About this task: From the first line to the last, copy the listing exactly and omit the pictures.

Source material:
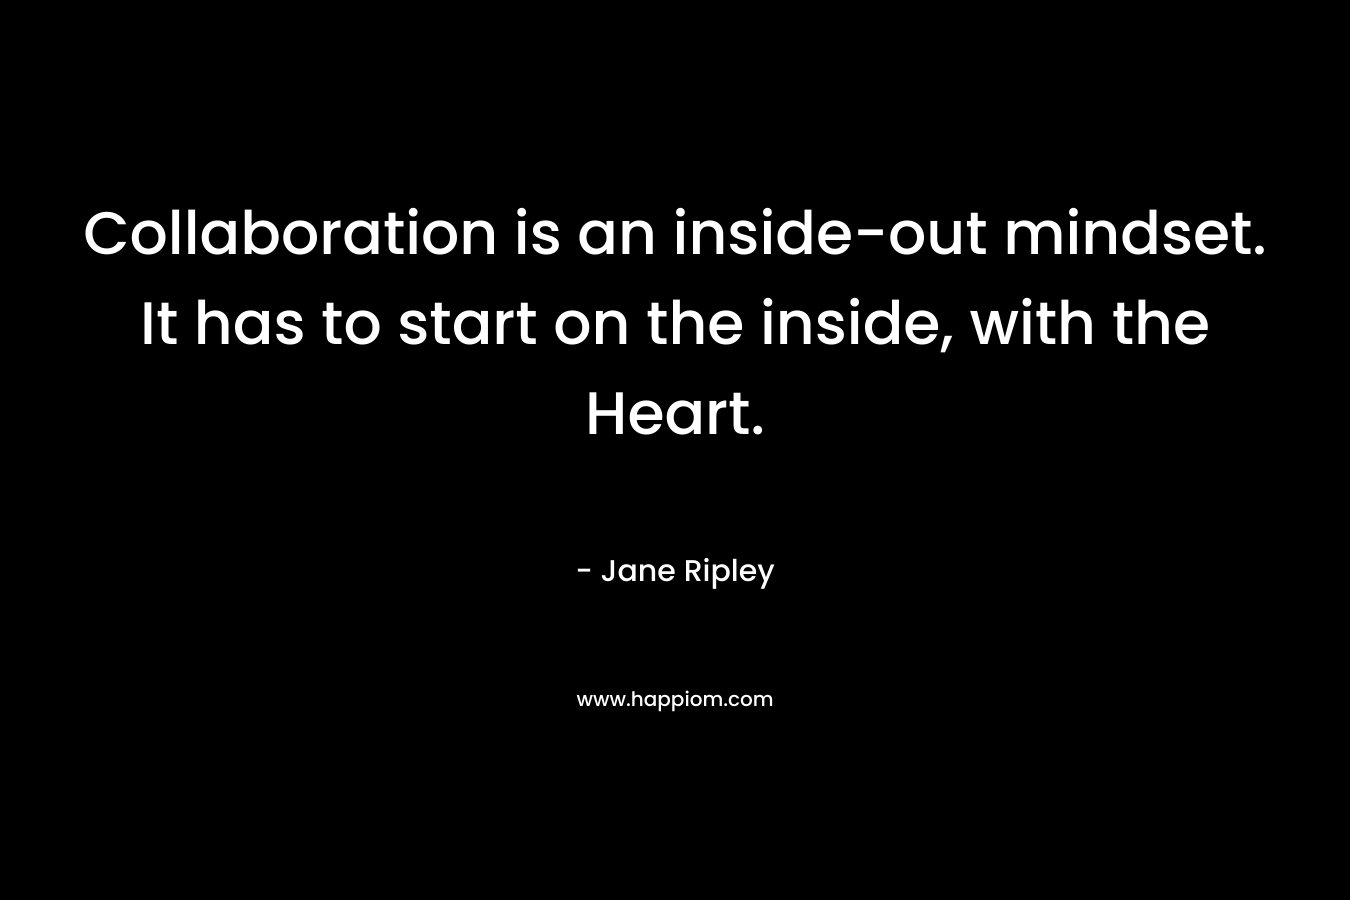 Collaboration is an inside-out mindset. It has to start on the inside, with the Heart.
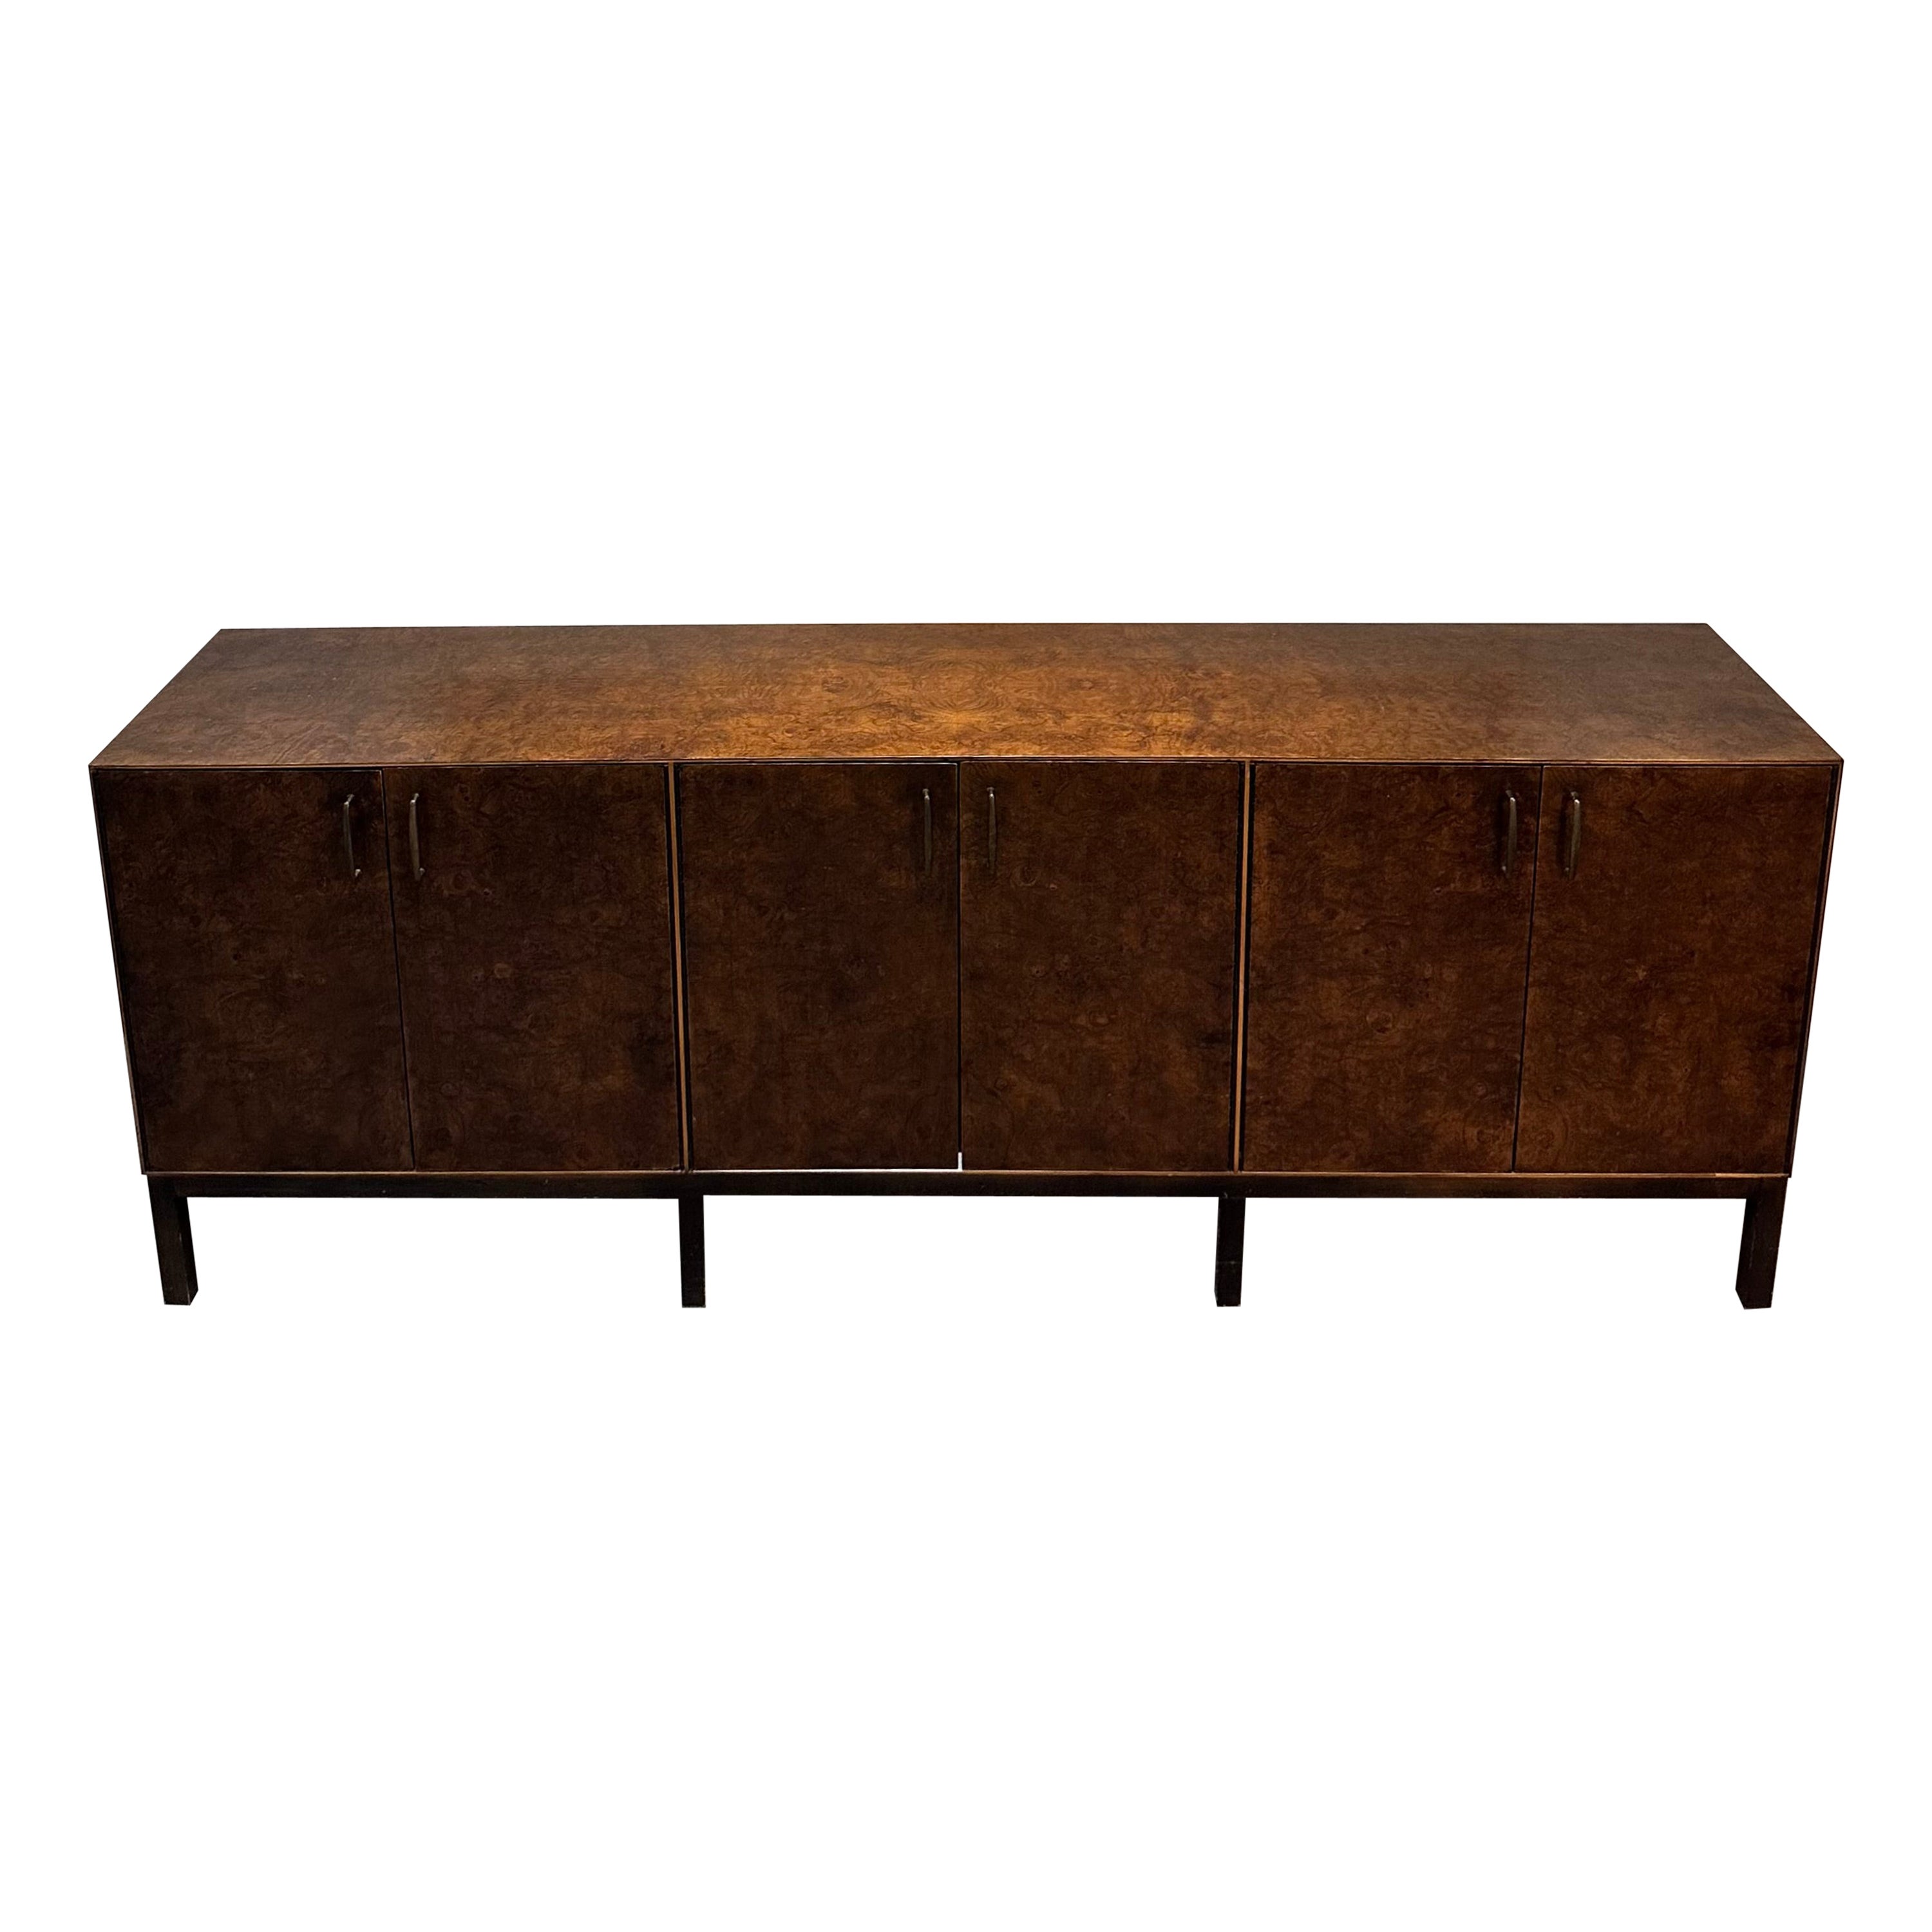 Milo Baughman for Directional Burled Walnut Sideboard or Credenza For Sale
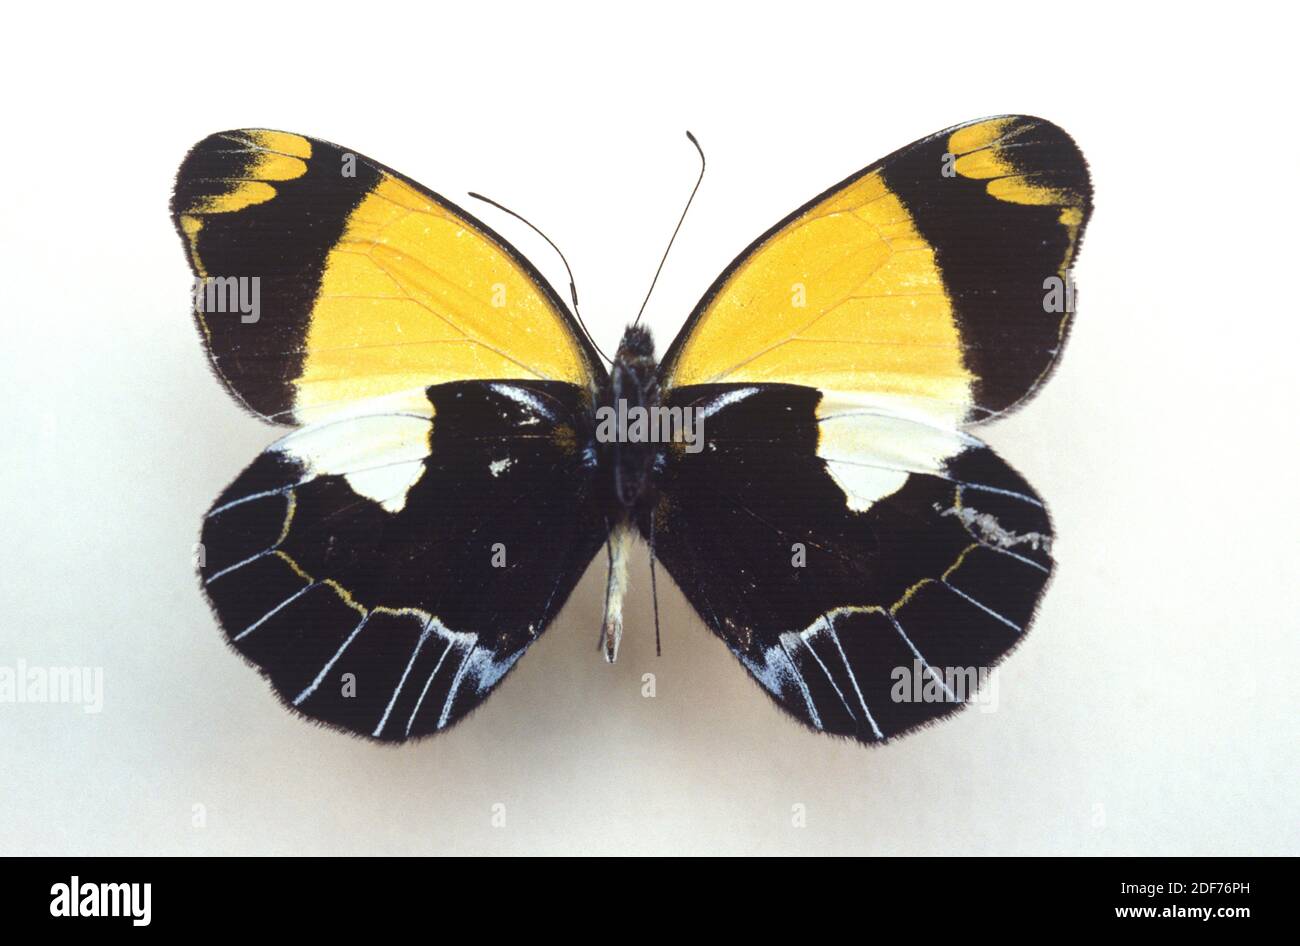 Delias niepelti is a butterfly native to New Guinea. Ventral surface. Stock Photo

Reply:
 Collaboration is an inside-out mindset. It has to start on the inside, with the Heart.
 Milo Baughman for Directional Burled Walnut Sideboard or Credenza For Sale
 Delias niepelti is a butterfly native to New Guinea. Ventral surface. Stock Photo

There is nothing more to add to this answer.